When it was all done, after the storms and bile and falls, so many falls, a broken child hid her face in her arms and wept. Kamila Valieva had lost and was lost.
Fourth place. Is it the worst place? Maybe. Or possibly that goes for simply being here, in this arena, under those lights and after that hearing and so many questions. What happened to her? What did they do? Why?
Perhaps we will find a few answers in time. Possibly we won’t. But what we know is that a 15-year-old with all of the world records in her hands was buried on Thursday night by the weight of a global scandal on her shoulders.
Russian Kamila Valieva competed in the free skate amid uproar over her failed doping test
It drilled her into the ice, not once but twice. Heavy falls, both after her signature quad jumps, to go with stumbles, slips and mis-steps, totalling her worst score for the free skate in more than two years – 141.93, more than 50 off her unprecedented best.
So a day that started with her in first ended off the podium, and all to the undulating rhythms of Ravel’s Bolero.
We know that tune well at home – it was Torvill and Dean’s when they scored those perfect numbers.
To think, they called Valieva ‘Miss Perfect’ not so long ago; they call her other things now, and whatever we know about Russian doping, and because of it, this was above all a tragedy. A sporting murder of an innocent by serial offenders? We’ll see.
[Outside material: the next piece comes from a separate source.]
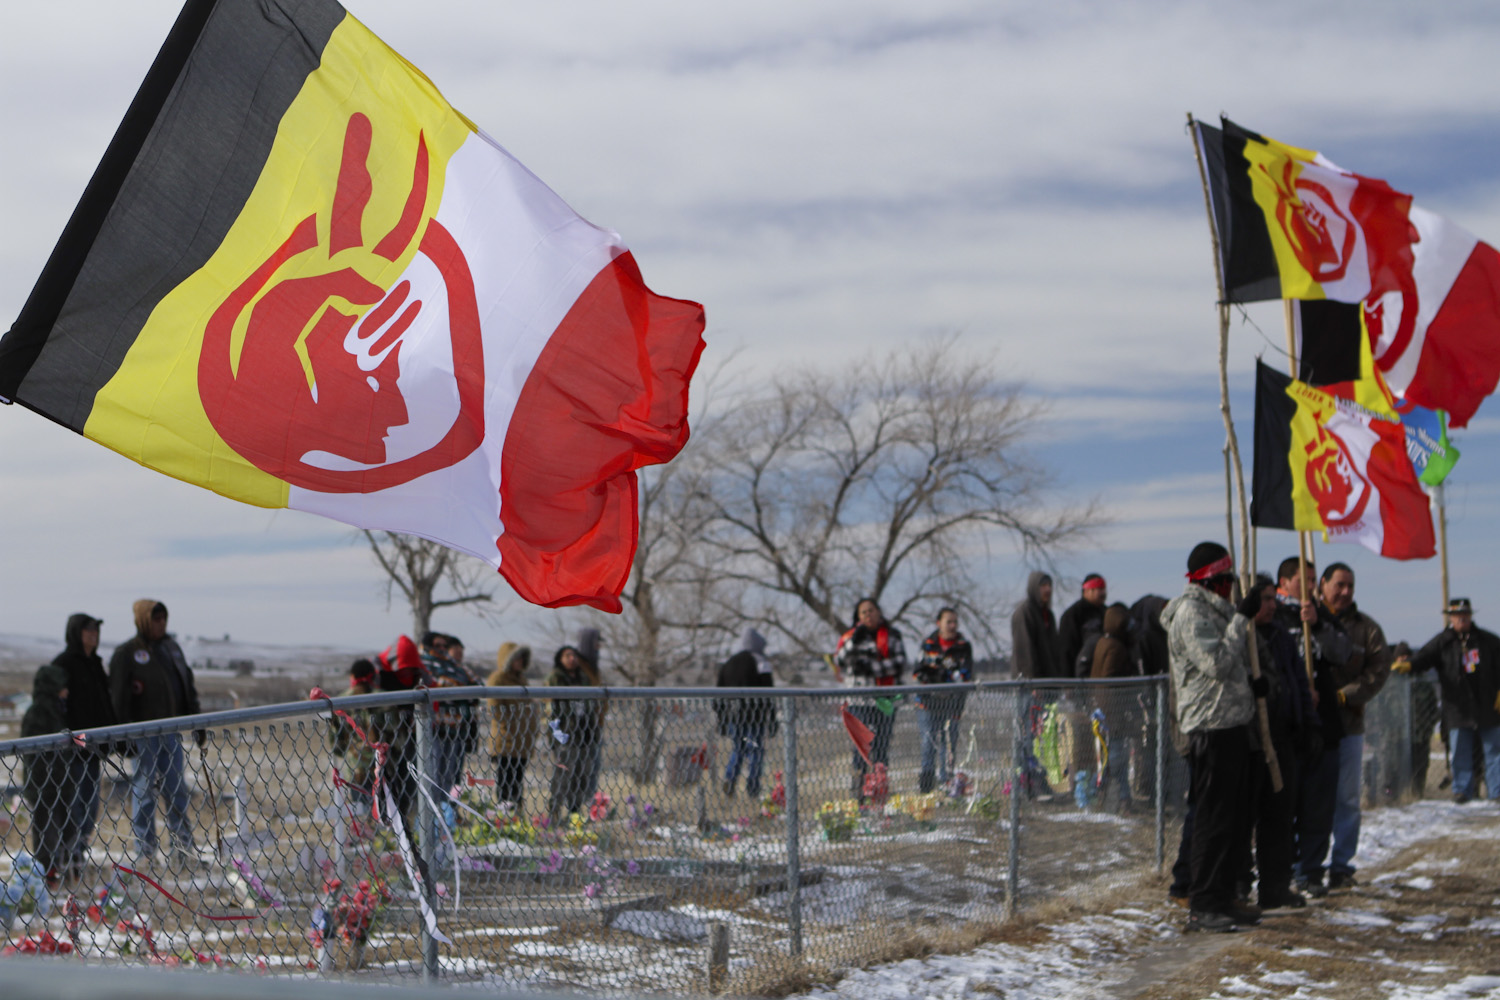 Liberation Day - Wounded Knee

Whatever the roots, Valieva cried and staggered her way to the gate. As she left, one of the mysteries of this piece, her formidable coach Eteri Tutberidze, was waiting. ‘Why did you let it go?’ she asked, according to the translation of Russian media. ‘Explain to me, why. Why did you stop fighting? You let it go. Why?’
The 15-year-old Russian left the ice in tears after her error-strewn performance performance
And why, once more, is as big a question as the what in all this.
Why, with a skater considered the greatest in history, would it be necessary? Why would she, a child, need a banned angina medication, and two others? Why take the biggest talent a sport has seen and feel the need to give it a nudge? And why, when these charlatans repeatedly bring the wrong bottles, do they keep getting an invite to the party?
We couldn’t put any of this to Valieva, because when she was free of Tutberidze, she passed through the interview areas without comment. No blaming her for that, this so-called ‘protected person’ whose interests were apparently being served by the Court of Arbitration when they issued their reprieve on Monday.
Their fear was that a suspension would do ‘irreparable harm’; alas, they tagged the fish and released it straight into a boiling pot.
Valieva finished fourth in free skate after an error-strewn performance as the world watched
But at least the International Olympic Committee didn’t have to go through with their plan of scrapping the medal ceremony. That and an asterisk were their solution if Valieva had finished in the top three.
Instead, it was filled by her team-mates, Anna Shcherbakova and Alexandra Trusova, and Japan’s Kaori Sakamoto in bronze.
This being figure skating, there was drama in all of that, too. Trusova, an undiscovered gem to those of us who only drop in every four years, had been remarkable.
She attempted five quads, even more than Valieva, and loaded with attitude, the red-haired woman of 17 nailed them all. When Shcherbakova, same age but more reserved in routine and style, pulled off a flawless performance, Trusova flew into a stunning rage.
The 15-year-old figure skater is at the centre of the latest Olympic doping scandal
‘I hate, hate, hate,’ she said, before telling her Russian entourage that she wouldn’t attend the medal ceremony.
‘I won’t go there, I don’t understand. I hate. Leave me alone. I won’t go on the ice again.’
Tutberidze tried to have a word, but was shunted aside.
‘I will never go on the ice again in my life,’ she was heard saying via the broadcast in Russia.
‘I hate this sport, I hate it! You can’t do it this way. You can’t do it this way. Everyone has a gold medal, but not me.’
By the time she attended the press conference she had calmed down, but still objected to the scoring and seemed irked in disclosing how Tutberidze had suggested she simplify her routine. ‘My coach said maybe four quads and I said no. I said five. And I am more than happy I did five.
‘I am not happy with the result and that is why I was angry and disappointed.’
Fellow Russian Anna Shcherbakova won gold ahead of Alexandra Trusova and Kaori Sakamoto
As for any thoughts on her junior colleague, Valieva, gone and silent? She would not comment. Nor would Shcherbakova, who is now the world and Olympic champion.
‘I feel a lot of pleasure,’ she said. ‘This is what I work towards every day. I feel happiness and also an emptiness inside somehow.’
She didn’t expand on that last part, but perhaps we can guess. Her sport is a hard one. Busting a gut and ankles and knees and tear ducts is the standard price of admission, let alone to the top step.
In another year, Shcherbakova would get greater billing in these pages and others for her efforts. In another year she would be the story all on her own.
But not in the Games of the asterisk. Not in the lee of a massive storm and the little girl lost in the middle of it. A depressing tale, really.